Nucleic Acids Research, 1990, Vol. 18, No. 5 1243-1248
© 1990
MOLECULAR BIOLOGY |
Insertional gene synthesis, a novel method of assembling consecutive DNA sequences within specific sites in plasmids. Construction of the HIV-1 tat gene
Department of Molecular Biology, Sterling Research Group, Sterling Drug Company Rensselaer, NY 12144 1Exploratory Sciences Division, Life Science Research Laboratones, Eastman Kodak Company Rochester, NY 14650, USA
*To whom correspondence should be addressed
Received October 23, 1989. Revised January 25, 1990. Accepted January 25, 1990.

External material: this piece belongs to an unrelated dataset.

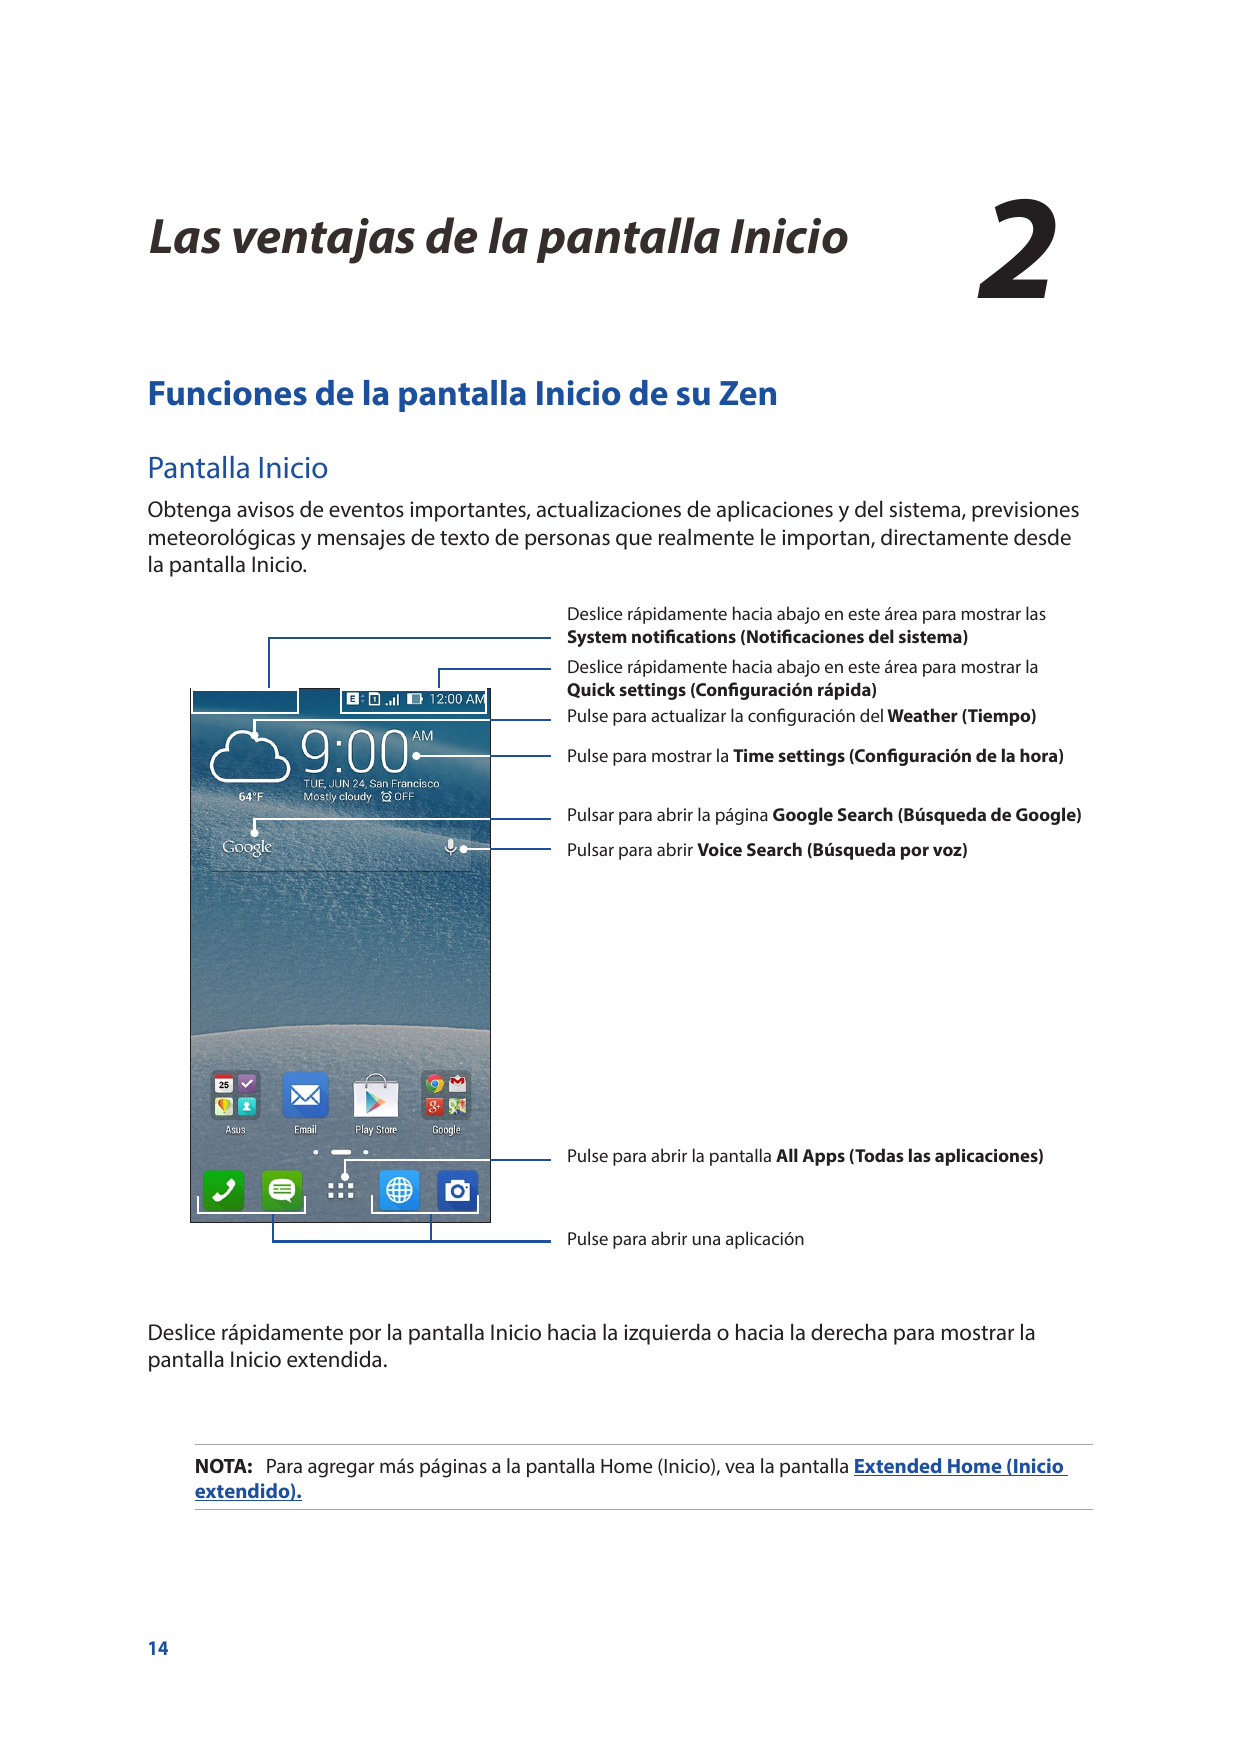 2Las ventajas de la pantalla InicioLas ventajas de la pantalla Inicio2Funciones de la pantalla Inicio de su ZenPantalla InicioOb

The construction of the H1V-1 tat gene using a novel method termed insertional gene synthesis (IGS) is described. IGS is used to assemble a gene or any DNA sequence in a stepwise manner within a plasmid containing a single stranded DNA phage origin of replication. The IGS method is based upon consecutive targeted insertions of long DNA oligonucleotides (>100 bases) within the plasmid by oligonucleotide-directed mutagenesis. IGS therefore involves synthesis of only a few oligonucleotides corresponding to one strand of a gene. Furthermore, the gene is synthesized directly adjacent to bacterial gene regulatory sequences for direct expression. Using this approach, the 261 bp tat gene was assembled in three successive cycles adjacent to the lac promoter in the pEMBL-derivative, pKH125. The 15 kD tat protein was produced from this synthetic gene in E. coli upon IPTG induction. However, it was necessary to tightly control the expression of tat by including the lac I gene directly within the tat expression vector.